There is one other possibility, of course. Oprah. She’s always got a sympathetic ear, unless you do her wrong. (See Frey, James.) Her audience is huge, heart-on-the-sleeve-wearing, inclined to believe the best about you and the worst about them. Maybe she can’t redress the wrongs you’ve suffered, but at least she’ll give you a hug and a shoulder to cry on. And there’s always the chance you’ll get a few minutes of fame, and maybe a book or movie deal. How good is that – a chance at the money, and you don’t even have to go through the trial lawyers to get it. Remember in Three Days of the Condor how Robert Redford goes to the New York Times to expose our corrupt government? Forget that; the Times is so passé. Oprah is the crusading journalist of our time.

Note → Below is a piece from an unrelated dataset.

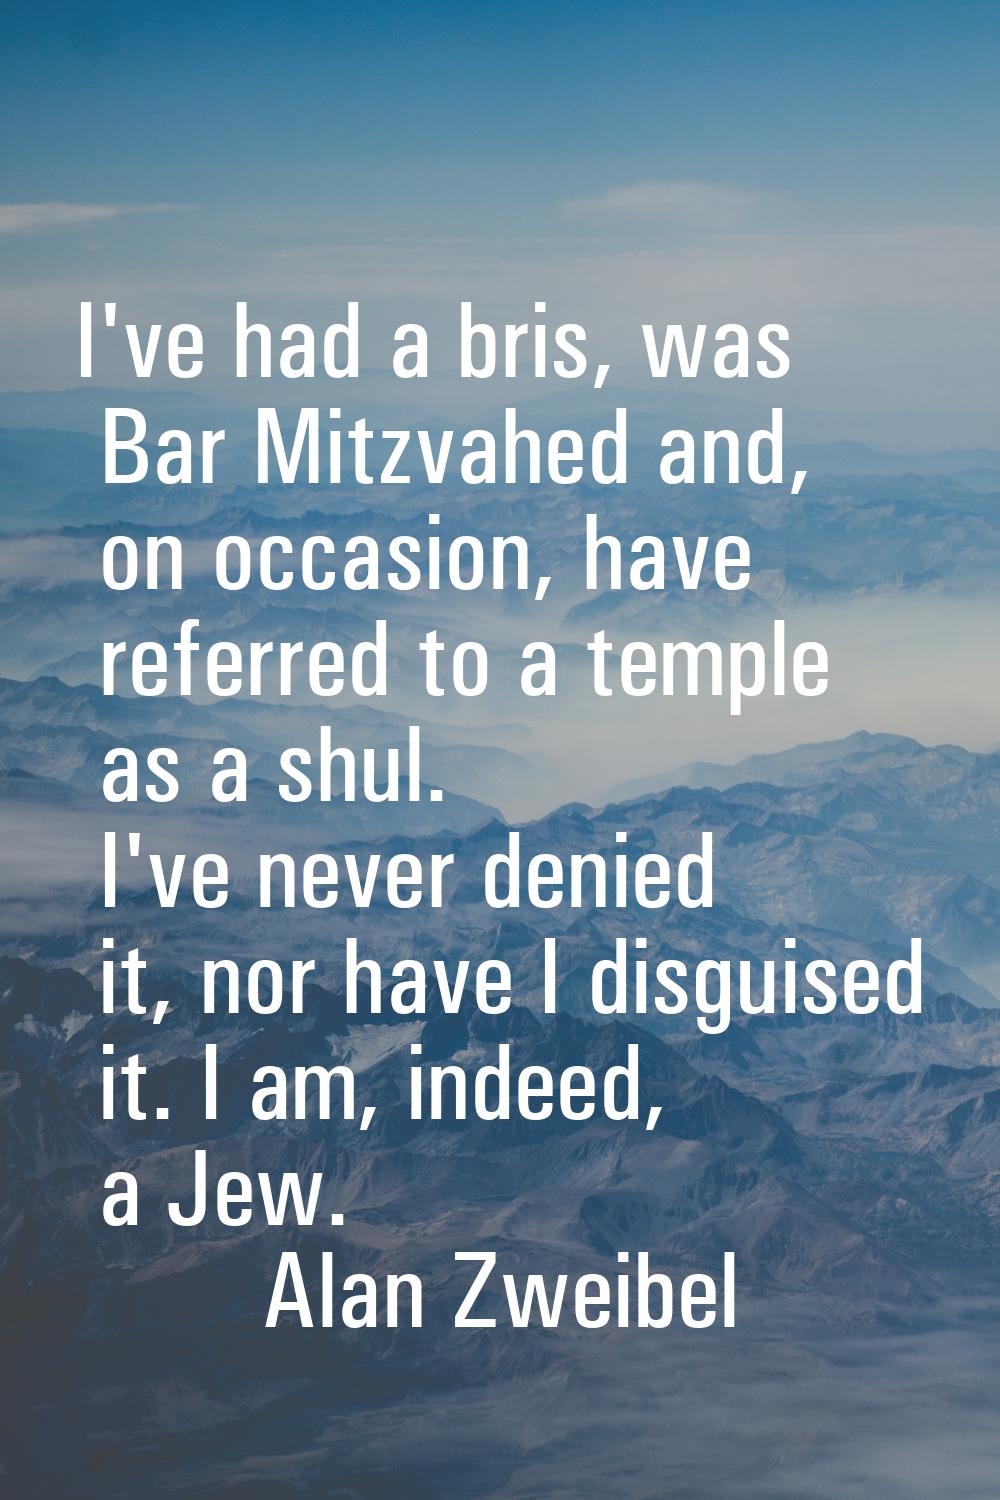 I've had a bris, was Bar Mitzvahed and, on occasion, have referred to a temple as a shul. I've neve

I don’t mean for this to sound too cynical, although it undoubtedly is the product of a cynical age. It’s just that the times have in fact changed. Not necessarily for the better, or the worse; Willie Stark was hardly a bargain, as is usually the case once someone gets that first taste of power and finds he likes it. It’s just that we don’t look to the crooked politicians anymore, but to the ambulance chasers.

So when we demand answers, when we call on someone to do something, when we ask, “Where’s the outrage?” we’d better be careful what we ask for. We might just wind up with Willie Stark. Or John Edwards. Or even Oprah. Which one is worse? You be the judge.